Pleural effusions may occur in patients and be of a known etiology such as cardiac failure and malignancy, or occur in clinical circumstances that are suggestive of their etiology such as pneumonia and sepsis. They may also be the cause of presentation in patients without a known diagnosis such as pulmonary embolic disease or previously undiagnosed malignancy. The radiographic features are in part dependent upon their etiology and are here described according to etiology.

Bacteria are by far the most common cause of pleural sepsis, with up to 40% of patients with pneumonia developing a pleural effusion, although only a minority of these progress to develop a complicated parapneumonic effusion or empyema. Viral parapneumonic effusions are much less common, as are effusions due to fungal infection, with the later usually occurring in association with other disease. Although the diagnosis ultimately relies upon fluid sampling and examination, imaging is an essential tool in management.

Complicated parapneumonic effusion and empyema may first be suspected on CXR in a patient with pneumonia who develops an effusion. No specific radiographic signs distinguish these from other effusions, although loculation, in the absence of a prior history of thoracic trauma, infection, or surgery, is suggestive of a “fibropurulent” or “organized” collection (Fig. 54.8); nondependent foci of gas within the fluid (from gas-forming organisms or following diagnostic tap or percutaneous catheter insertion) suggest the presence of septations, although these are infrequently seen on CXR and more commonly seen on US and MSCT.

A persistent hydropneumothorax following, incomplete drainage, with a thickened visceral pleura preventing reexpansion of the “trapped” lung may be identified on CXR and may necessitate surgical decortication.

US will confirm the presence of fluid and the signs of a complicated parapneumonic effusion such as echogenic fluid and septations (Fig. 54.9), and may demonstrate echogenic foci representing gas, particularly in multiseptated collections.
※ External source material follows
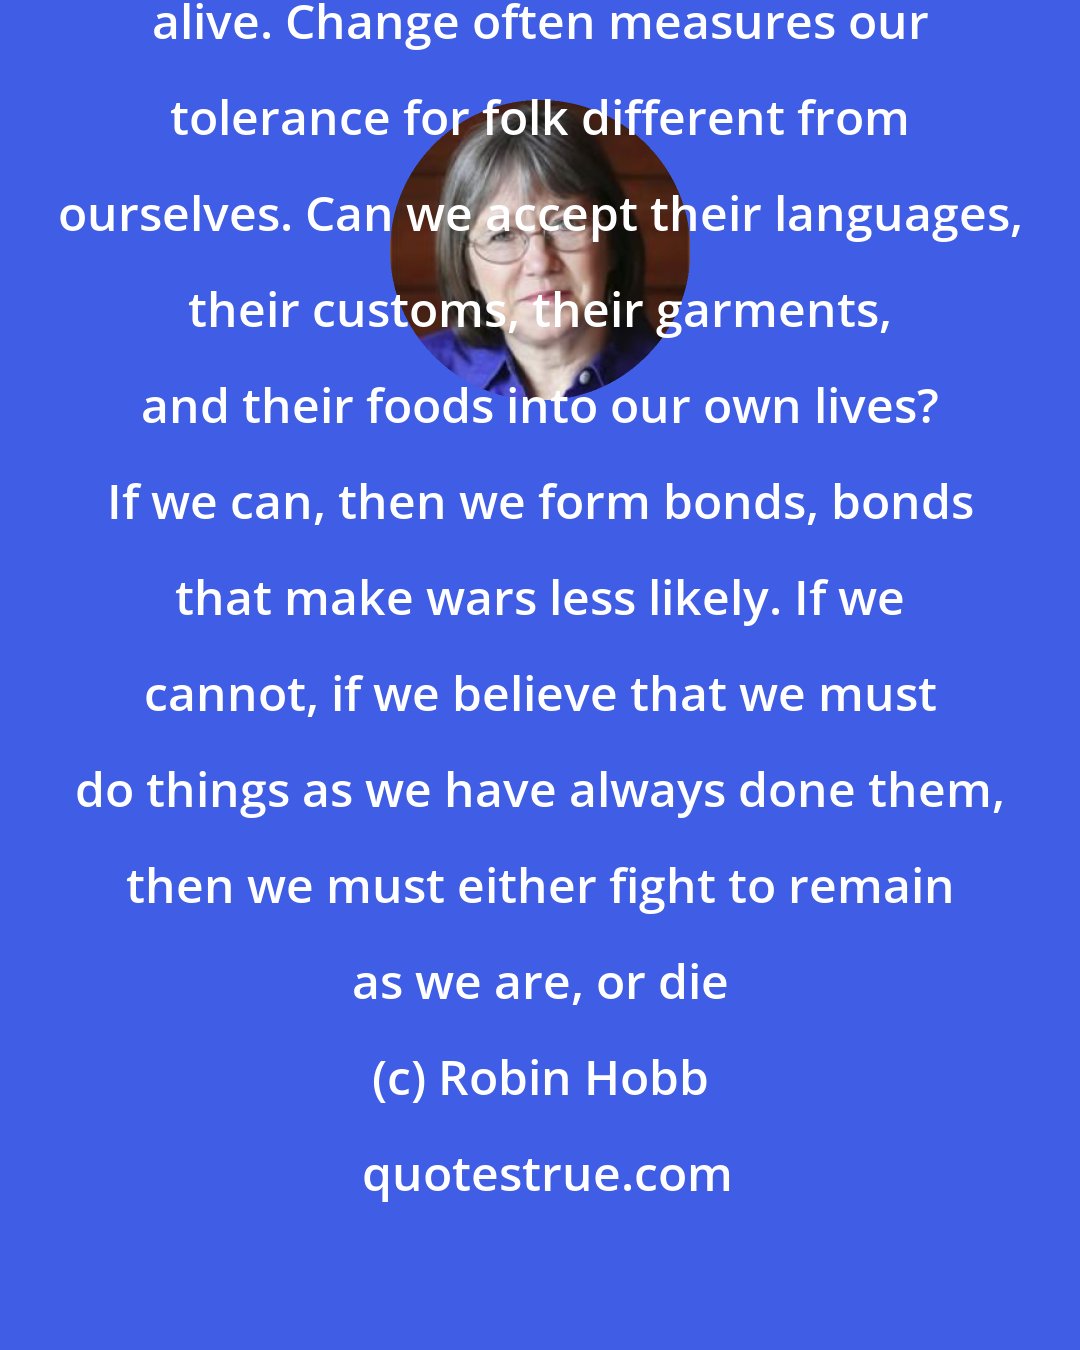 Robin Hobb: But change proves that you are still alive. Change often measures our tolerance for folk different from ourselves. Can we accept their languages, their customs, their garments, and their foods into our own lives? If we can, then we form bonds, bonds that make wars less likely. If we cannot, if we believe that we must do things as we have always done them, then we must either fight to remain as we are, or die
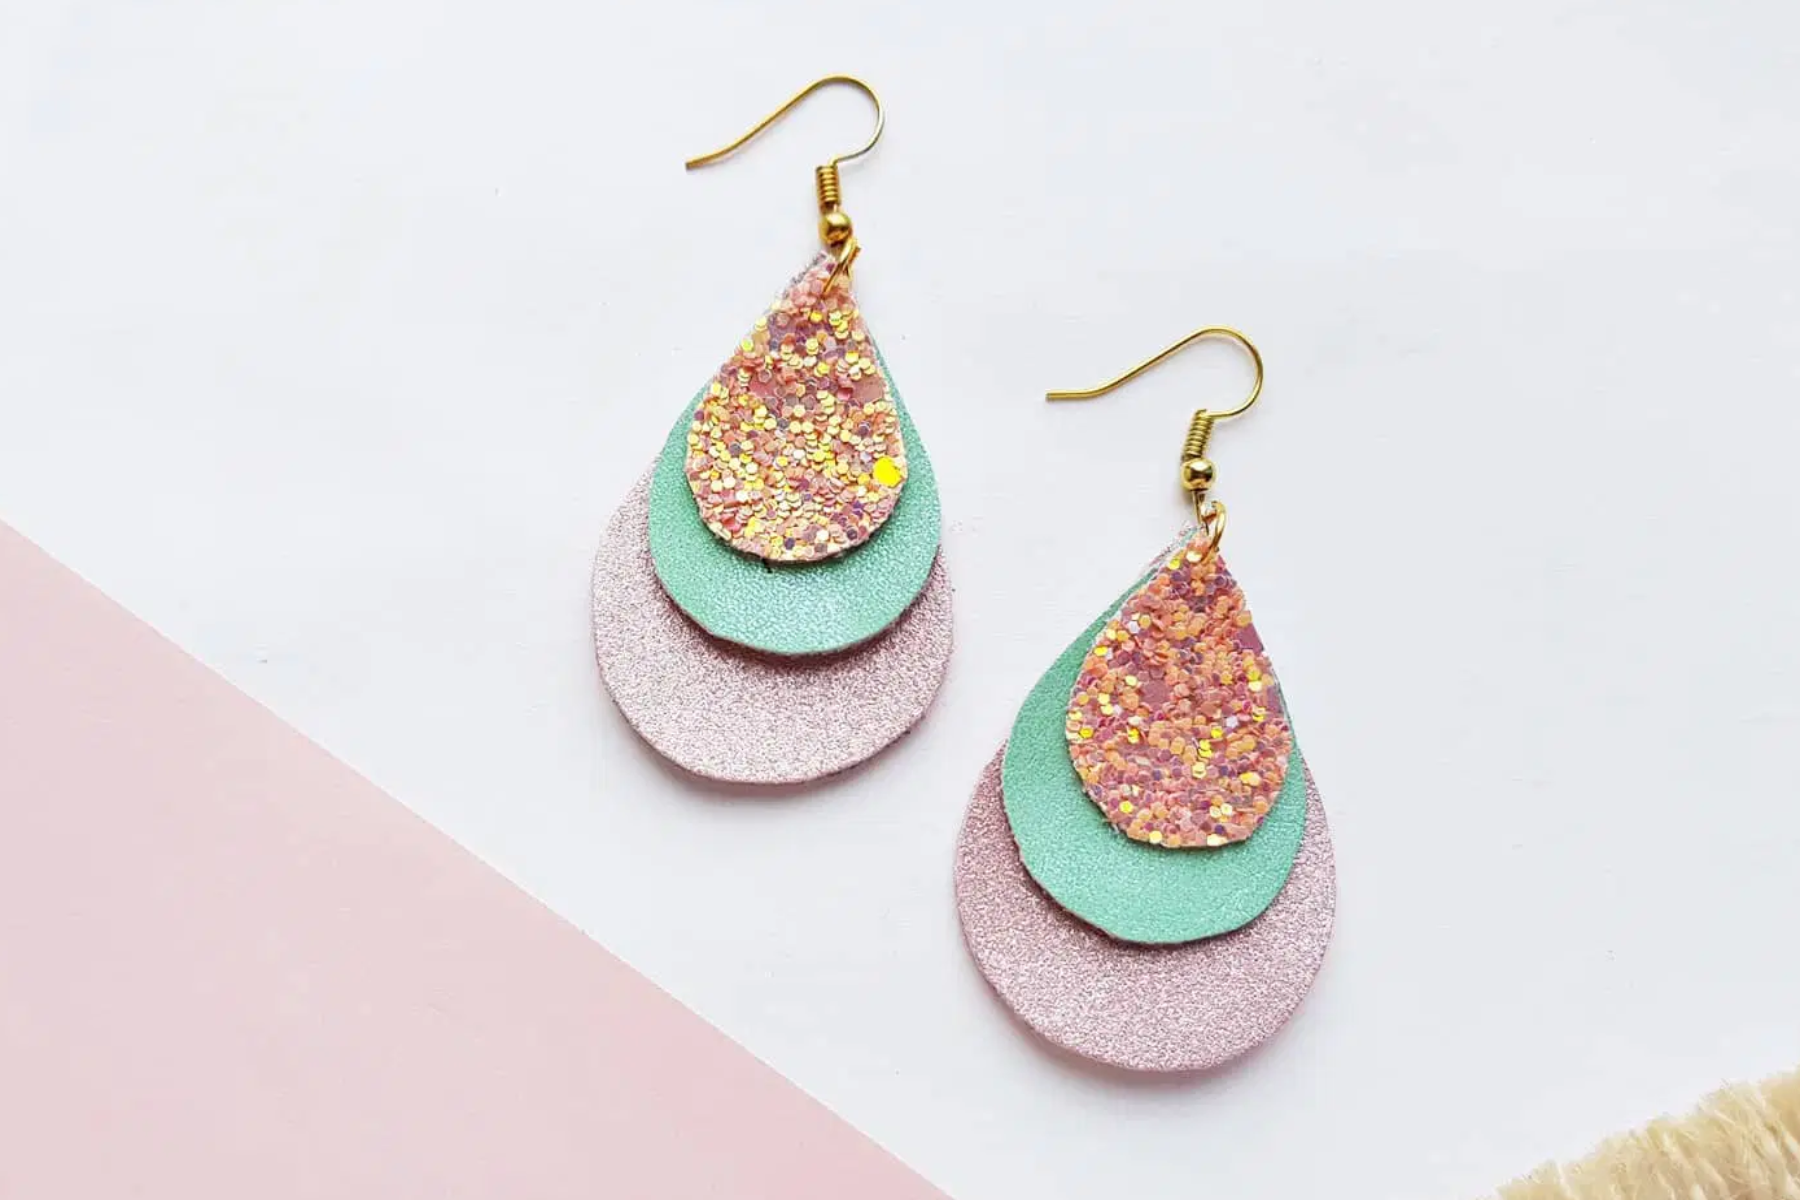 Leather Earrings - Why Leather Comes Out On Top

The extent of the collection may not be appreciated by US, and although differentiation from consolidated lung is mostly straightforward, if the effusion fails to resolve with appropriate therapy, an underlying cause is unlikely to be detected. In these circumstances, MSCT may be of value. MSCT may be useful to demonstrate the full extent of an effusion, the degree of loculation, and potentially to guide pleural catheter insertion if patient anatomy or configuration of the collection makes US-guided intervention technically difficult. Although loculation is readily demonstrated on MSCT, septations are mostly not identified, although their presence may be inferred by nondependent gas collections. Several other CT features have been described in complicated parapneumonic effusions and empyema; the most frequently demonstrated finding is parietal pleural thickening and enhancement, which has a high sensitivity and specificity, compared with transudative effusions, and is present in over 90% of cases (Fig. 54.10). Extrapleural changes may also be seen in the subcostal tissues on MSCT, including increased thickness (>2 mm) and attenuation or stranding of the extrapleural fat and soft tissue, demonstrated in 70% of patients. Particularly when subtle, the changes may be best appreciated by comparison with the contralateral “normal” side.